1. Occurrence of liability for damages;

A. 1) On February 28, 2016, Defendant D, each of the Plaintiffs owned 1/3 shares from the Plaintiffs on February 28, 2016, was 3 Dong-dong (factory 320.76 square meters, warehouse 150 square meters, warehouse 59 square meters, and hereinafter “instant building”).

) The lease deposit amount of KRW 30,000,000, monthly rent of KRW 3,500,000, and the lease period of KRW 15,000 was determined and leased from March 15, 2016 to March 14, 2019 (hereinafter “instant lease agreement”).

(2) According to the instant lease agreement, Defendant D operated plastic crushing company in the building. Defendant E, who was engaged in the business of removing and crushing waste electronic equipment, was placed on September 22, 2016 on the spons installed in the building and moved to plastic materials that were accumulated in the vicinity of the Panel on the sandd Location.

As a result, a fire occurred, which caused a factory, warehouse, and block of the instant building to be destroyed by a fire.

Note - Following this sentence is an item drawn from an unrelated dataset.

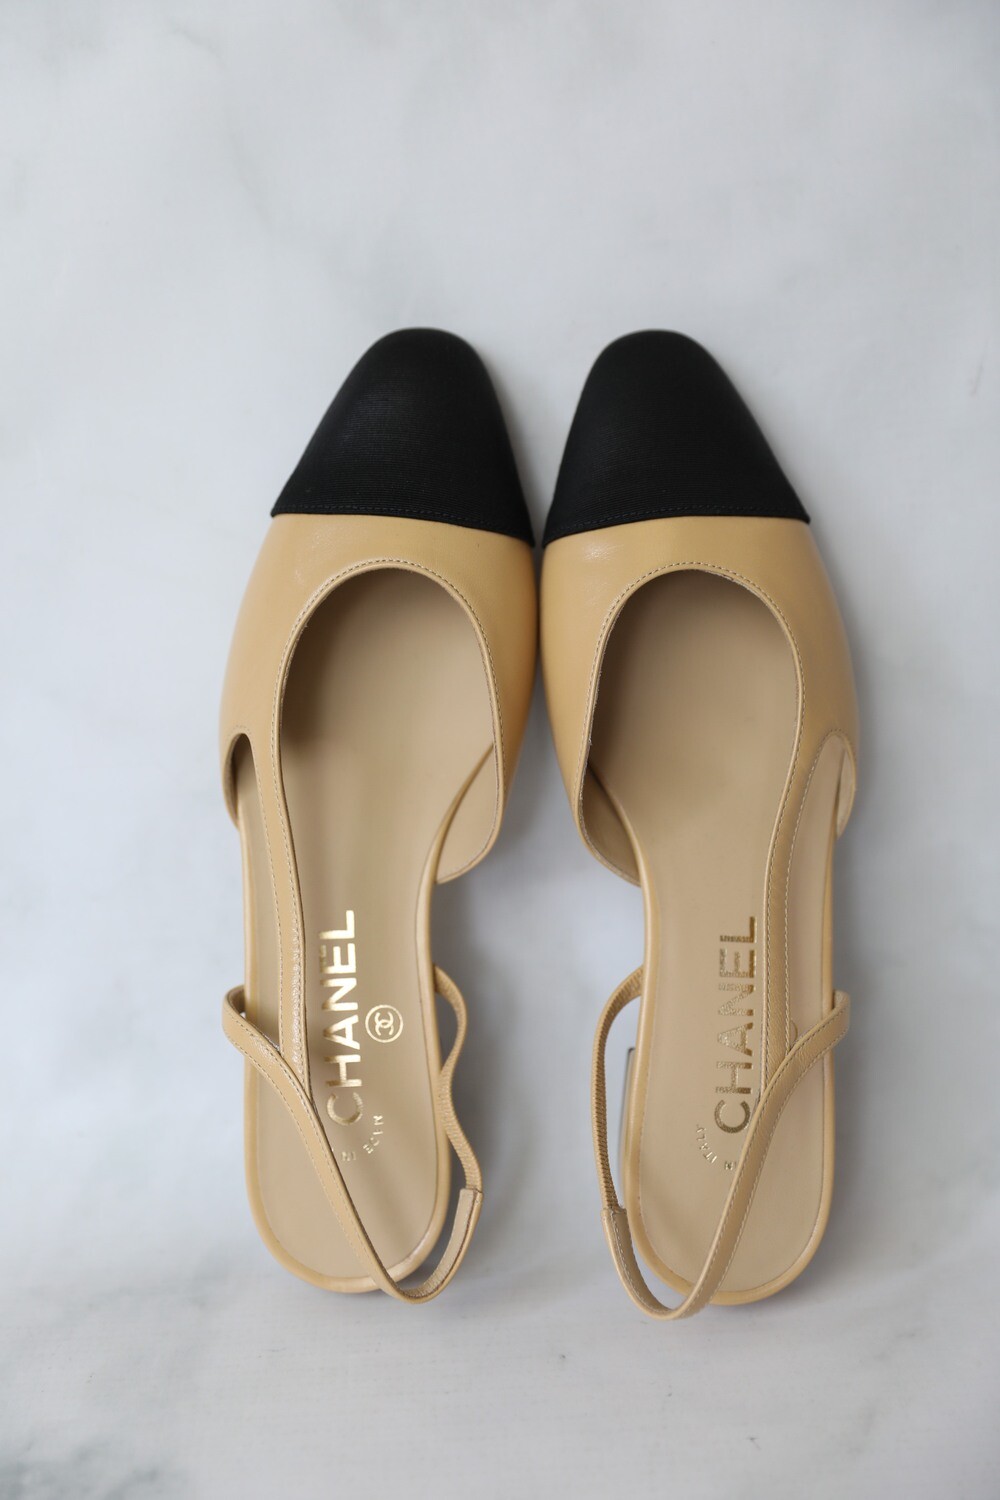 Chanel Shoes Slingback Flats, Beige and Black, Size 38.5, New in Box WA001  - Julia Rose Boston

(hereinafter referred to as “instant fire”). [Ground for recognition] There is no dispute, Gap evidence Nos. 1-3, Eul evidence No. 3, and the purport of the whole pleadings.

B. 1) According to the fact that Defendant E is liable for damages arising from Defendant E’s tort, Defendant E is liable to compensate the Plaintiff for damages caused by negligence, even though he had a duty to take safety measures to prevent the fire from sprinking out, in consideration of the characteristics of the oxygen cutting machine, by examining whether there is inflammable substances in the vicinity. As such, Defendant E is liable to compensate for damages caused by a fire. (ii) The lessee is obliged to perform the duty of due care as a good manager for the preservation of the leased building. In the event that the lessee is unable to perform his obligation to return the leased object, if the lessee is liable for damages due to nonperformance, the nonperformance is not attributable to the lessee’s fault.